Hanumn, drawing on paper, Rajasthan, 18th century. Collection of Marie Jos Paz (photograph by Daniel David).
Through my window, some three hundred yards away, the dark green bulk of the grove of trees, a mountain of leaves and branches that sways back and forth and threatens to fall over. A populace of beeches, birches, aspens, and ash trees gathered together on a slight prominence, their tops all capsizing, transformed into a single liquid mass, the crest of a heaving sea. The wind shakes them and lashes them until they howl in agony. The trees twist, bend, straighten up again with a deafening creak and strain upward as though struggling to uproot themselves and flee. No, they do not give in. The pain of roots and broken limbs, the fierce stubbornness of plants, no less powerful than that of animals and men. If these trees were suddenly to start walking, they would destroy everything in their path. But they choose to remain where they are: they do not have blood or nerves, only sap, and instead of rage or fear, a silent tenacity possesses them. Animals flee or attack; trees stay firmly planted where they are. Patience: the heroism of plants. Being neither a lion nor a serpent: being a holm-oak, a piru-tree.
Clouds the color of steel have filled the sky; it is almost white in the distance, gradually turning darker and darker toward the center, just above the grove of trees, where it gathers in violent, deep purple masses.
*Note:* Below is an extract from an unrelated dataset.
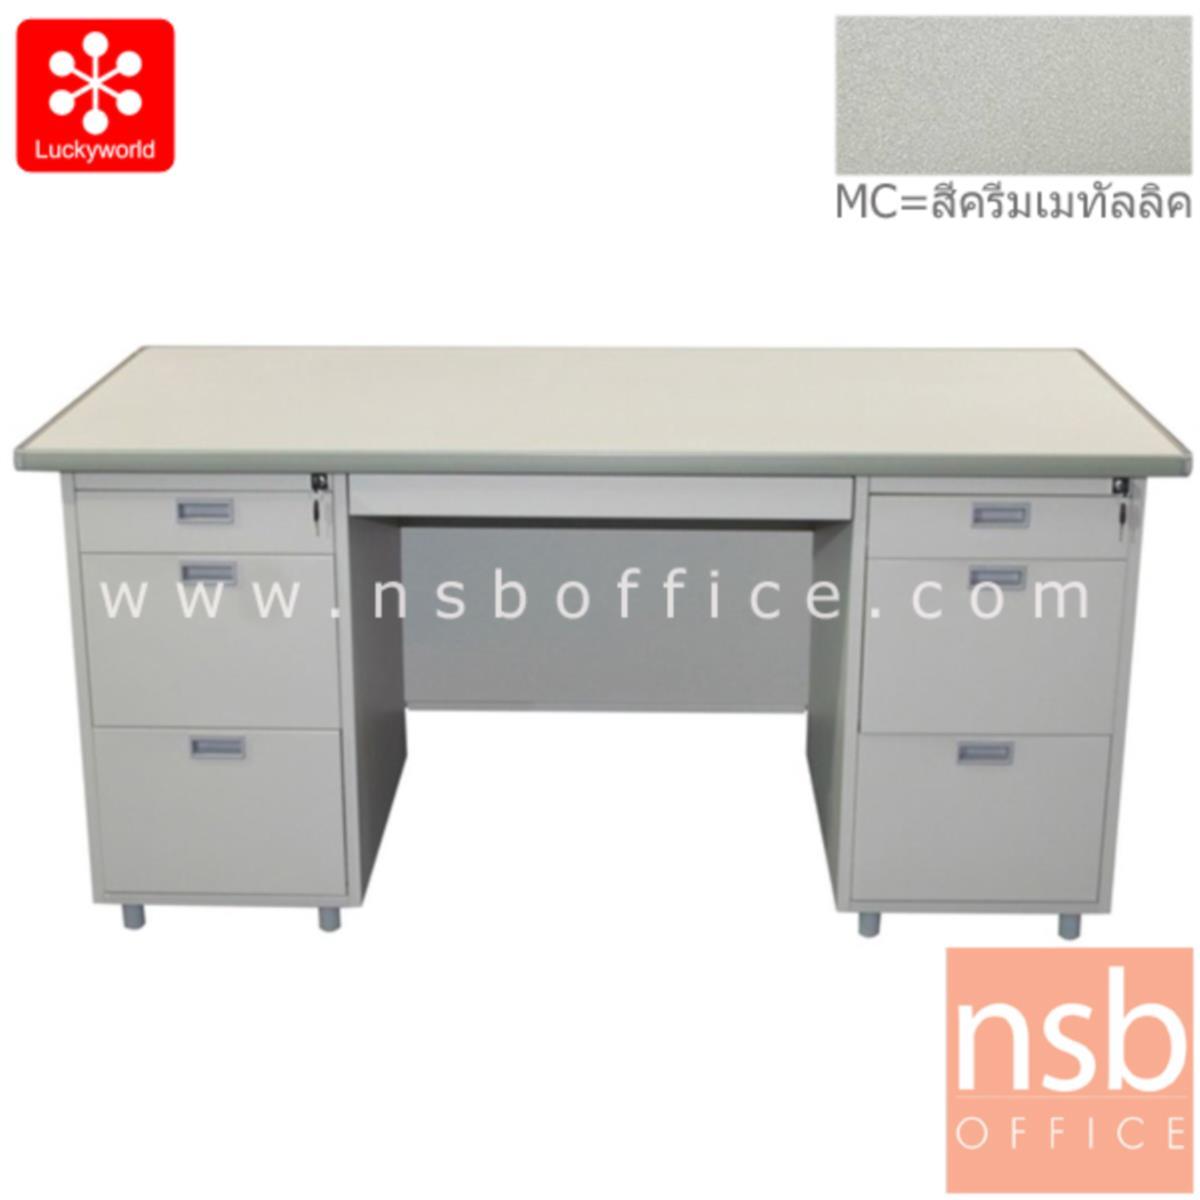 E31A039:โต๊ะทำงานหน้าเหล็ก 7 ลิ้นชัก รุ่น LUCKYWORLD- DX-52-33-MC ขนาด 159.5W*79.5D cm. สีครีมเมทัลลิค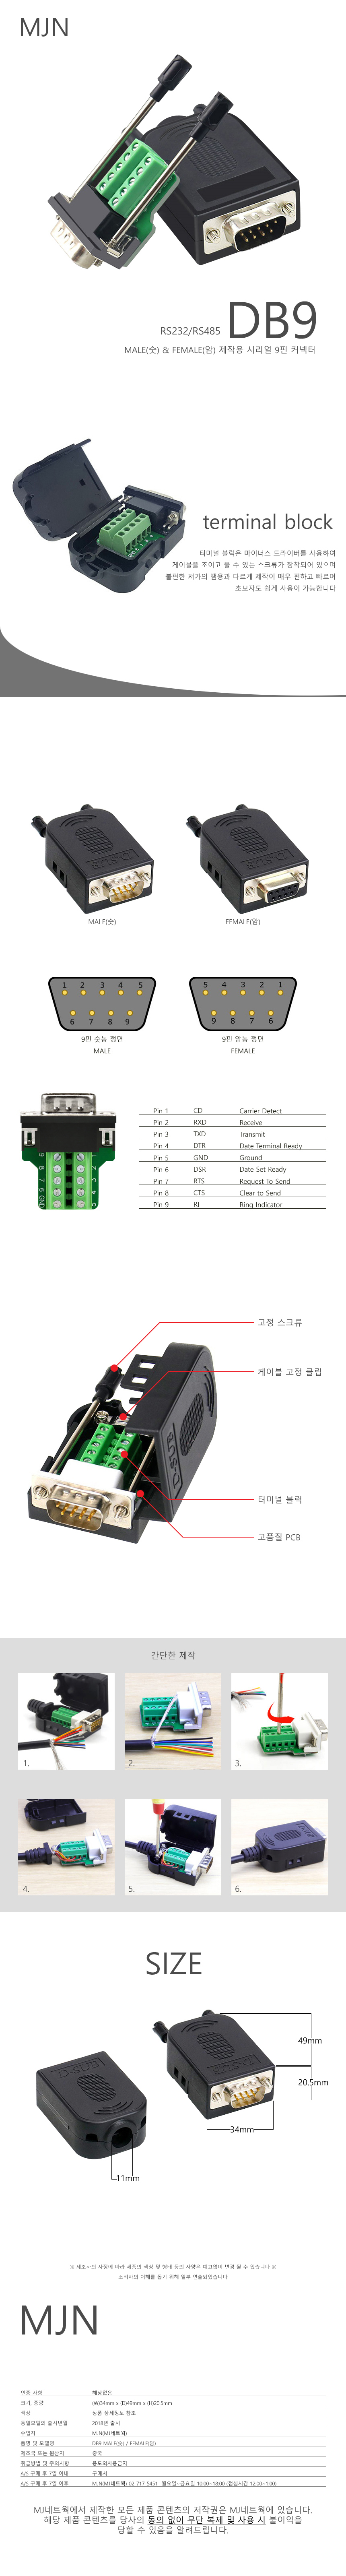 MJ네트웍 MJN DB9F 터미널 방식 시리얼 9핀 커넥터 (암)

The trees shriek continuously beneath these malevolent accumulations. Toward the right the grove is a little less dense and the leafy intertwining branches of two beeches form a dark archway. Beneath the arch there is a bright, extraordinarily quiet space, a sort of pool of light that is not completely visible from here, since the horizontal line of the neighbors wall cuts across it. It is a low wall, a brick surface laid out in squares like graph paper, over which there extends the cold green stain ofa rosebush. In certain spots where there are no leaves, the knotty trunk and the bifurcations of its spreading branches, bristling with thorns, can be seen. A profusion of arms, pincers, claws and other extremities studded with spiny barbs: I had never thought of a rosebush as an immense crab. The patio must be some forty yards square; it is paved in cement, and along with the rosebush, a minuscule meadow dotted with daisies sets it off. In one corner there is a small table of dark wood which has long since fallen apart. What could it have been used for? Perhaps it was once a plant stand. Every day, for several hours, as I read or write, it is there in front of me, but even though I am quite accustomed to its presence, it continues to seem incongruous to me: what is it doing there? At times I am aware of it as one would be aware of an error, or an untoward act; at other times I see it as a critique. A critique of the rhetoric of the trees and the wind. In the opposite corner is the garbage can, a metal container three feet high and a foot and a half in diameter: four wire feet that support a cylinder with a rusty cover, lined with a plastic sack to hold the refuse. The sack is a fiery red color. Crabs again. The table and the garbage can, the brick walls and the cement paving enclose space. Do they enclose it or are they doors that open onto it?